*** Block opens ***

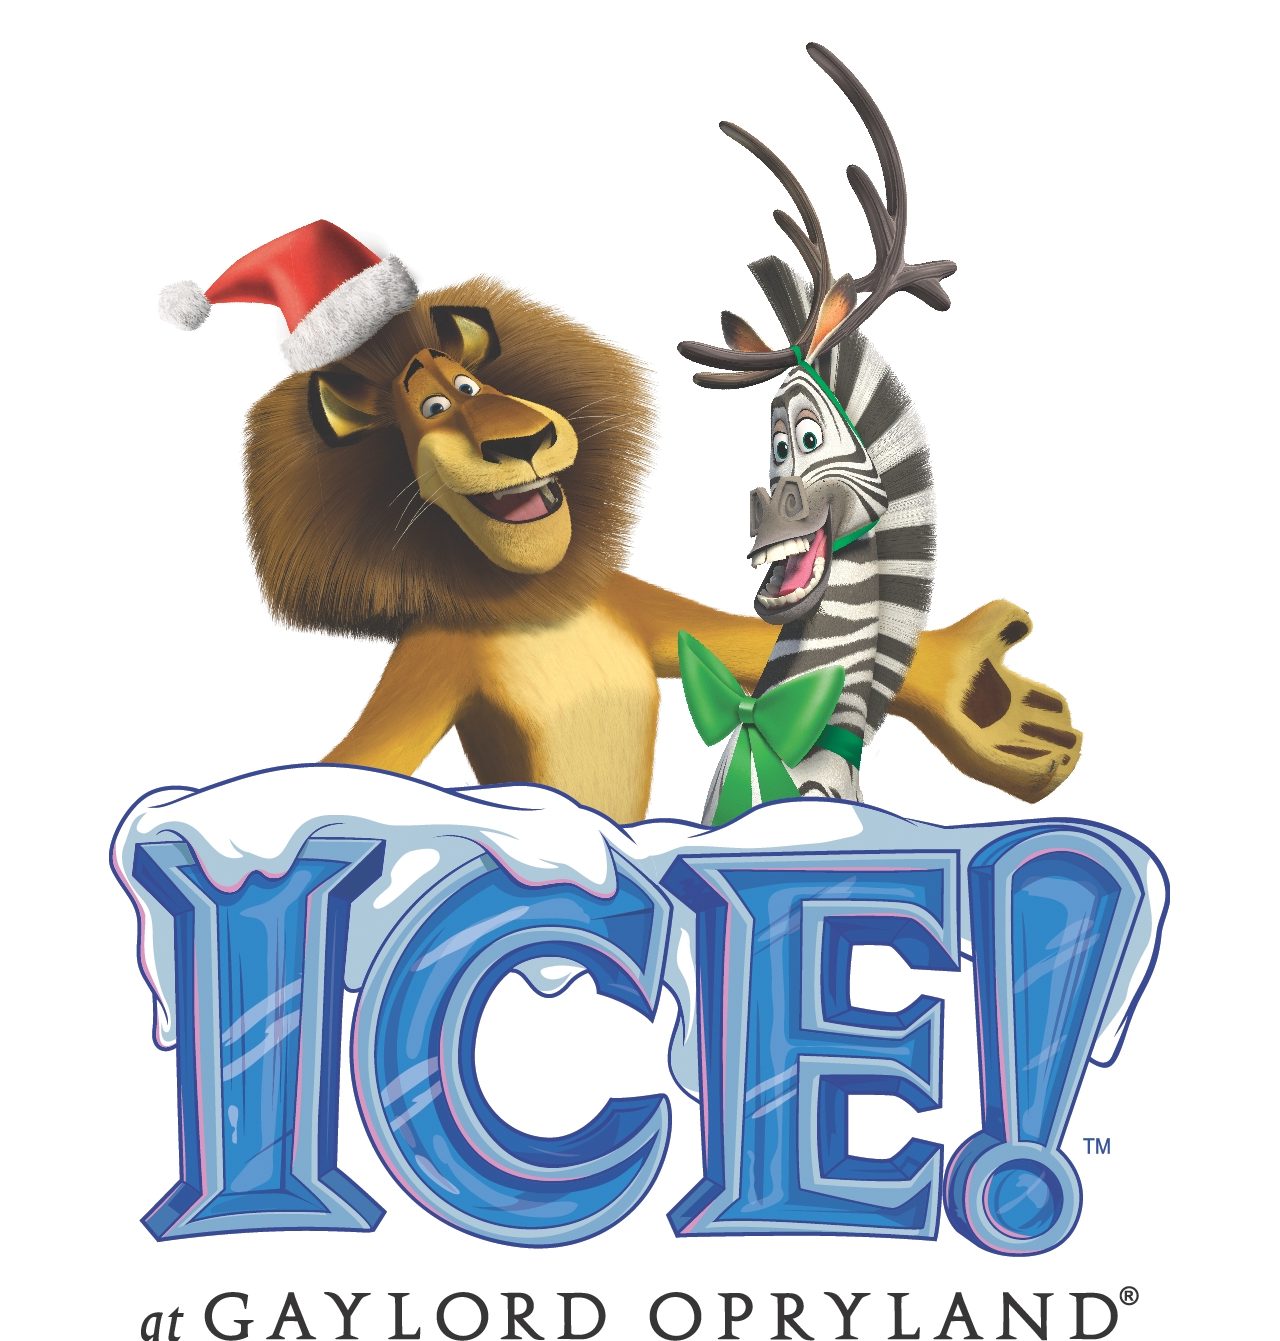 ICE! Featuring Dreamworks Merry Madagascar {review and giveaway}
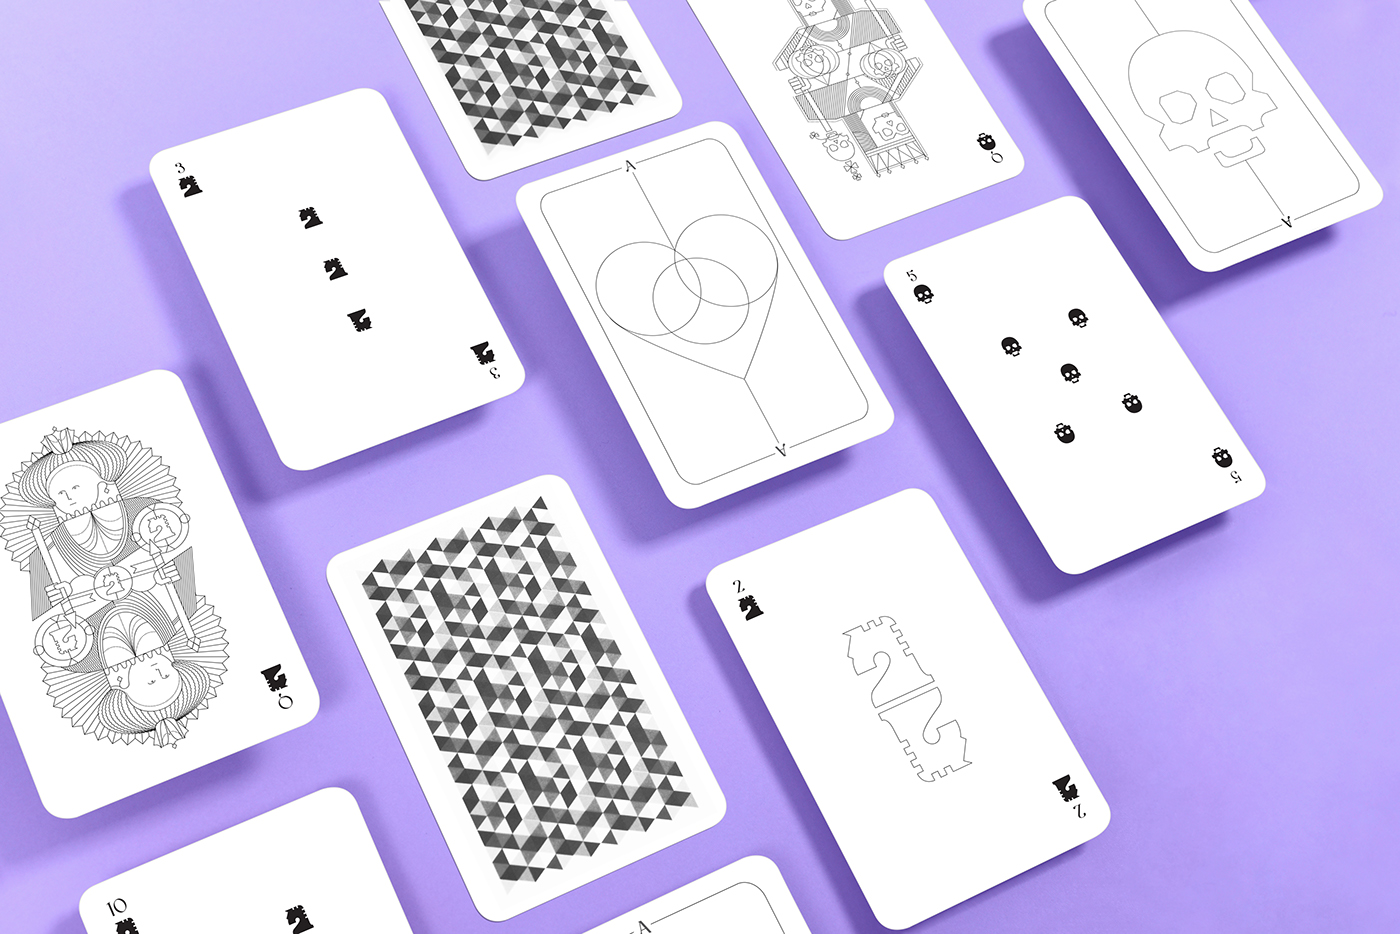 playing card Playing Cards playing arts graphic design  pantone neon minimalist ILLUSTRATION  Packaging packaging design
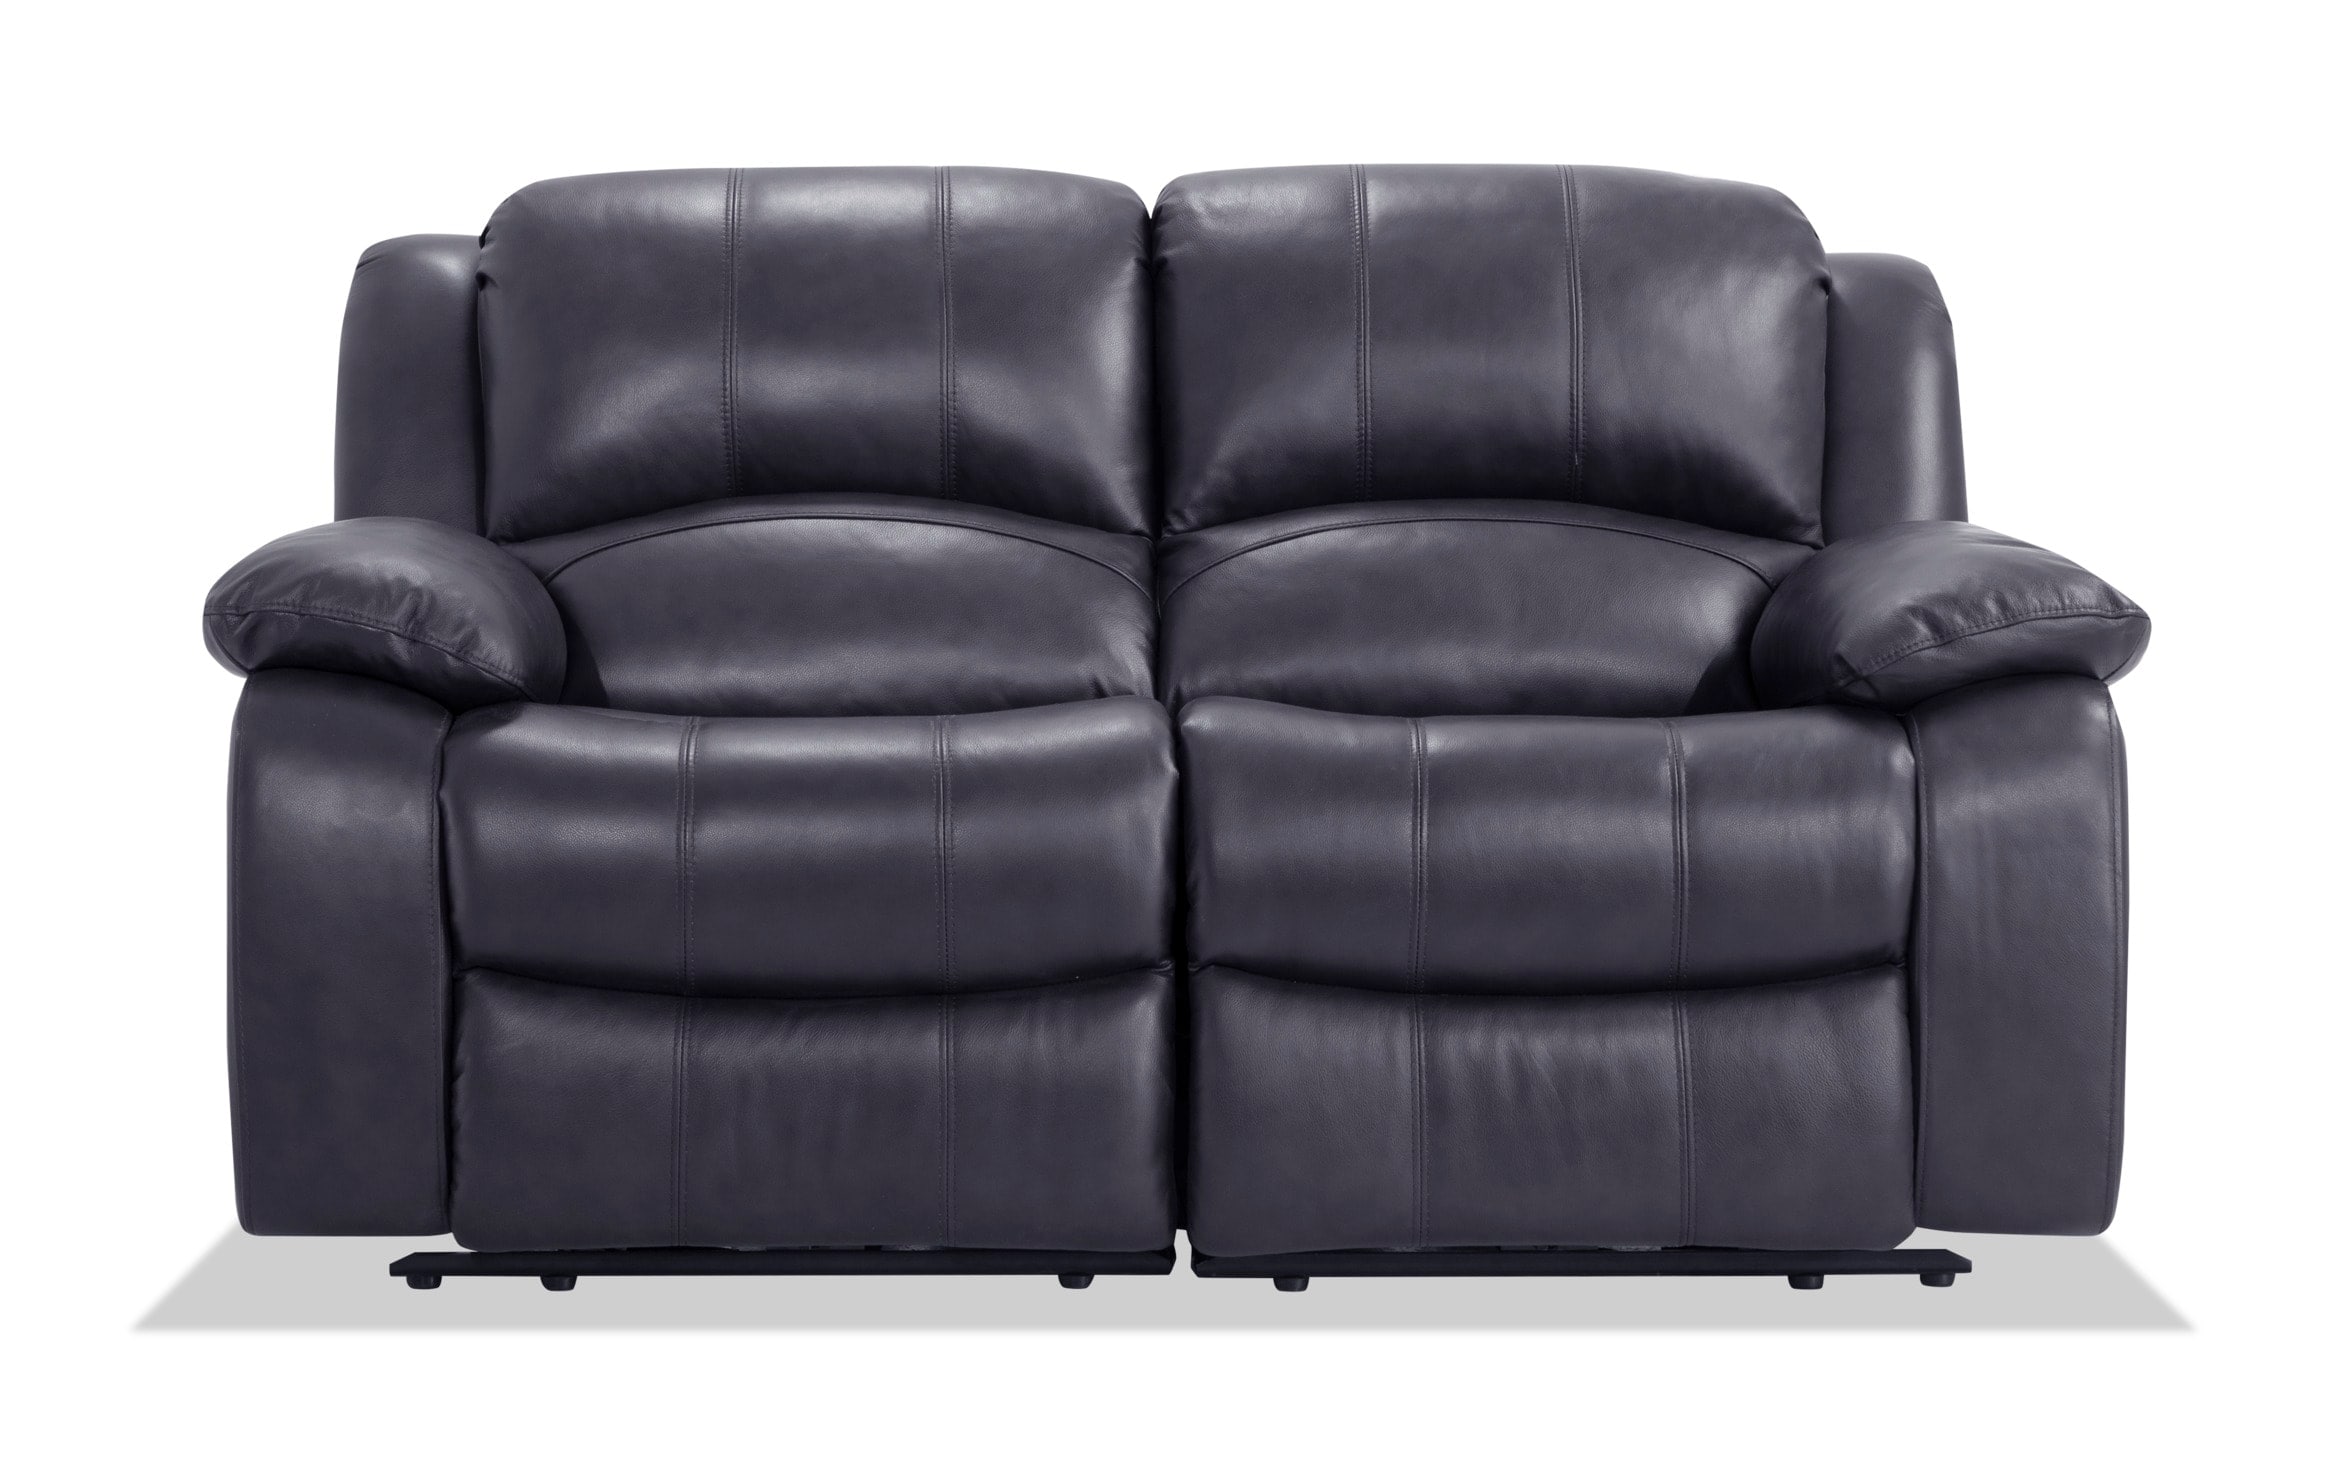 Olympus Gray Leather Power Reclining, Best Leather Power Reclining Sofa 2020

*** Block closes ***

▸ **Task instructions**: With the images omitted, return the full material exactly.

▸ **Task solution**:
 ICE! Featuring Dreamworks Merry Madagascar {review and giveaway}
 playing card Playing Cards playing arts graphic design  pantone neon minimalist ILLUSTRATION  Packaging packaging design
 Olympus Gray Leather Power Reclining, Best Leather Power Reclining Sofa 2020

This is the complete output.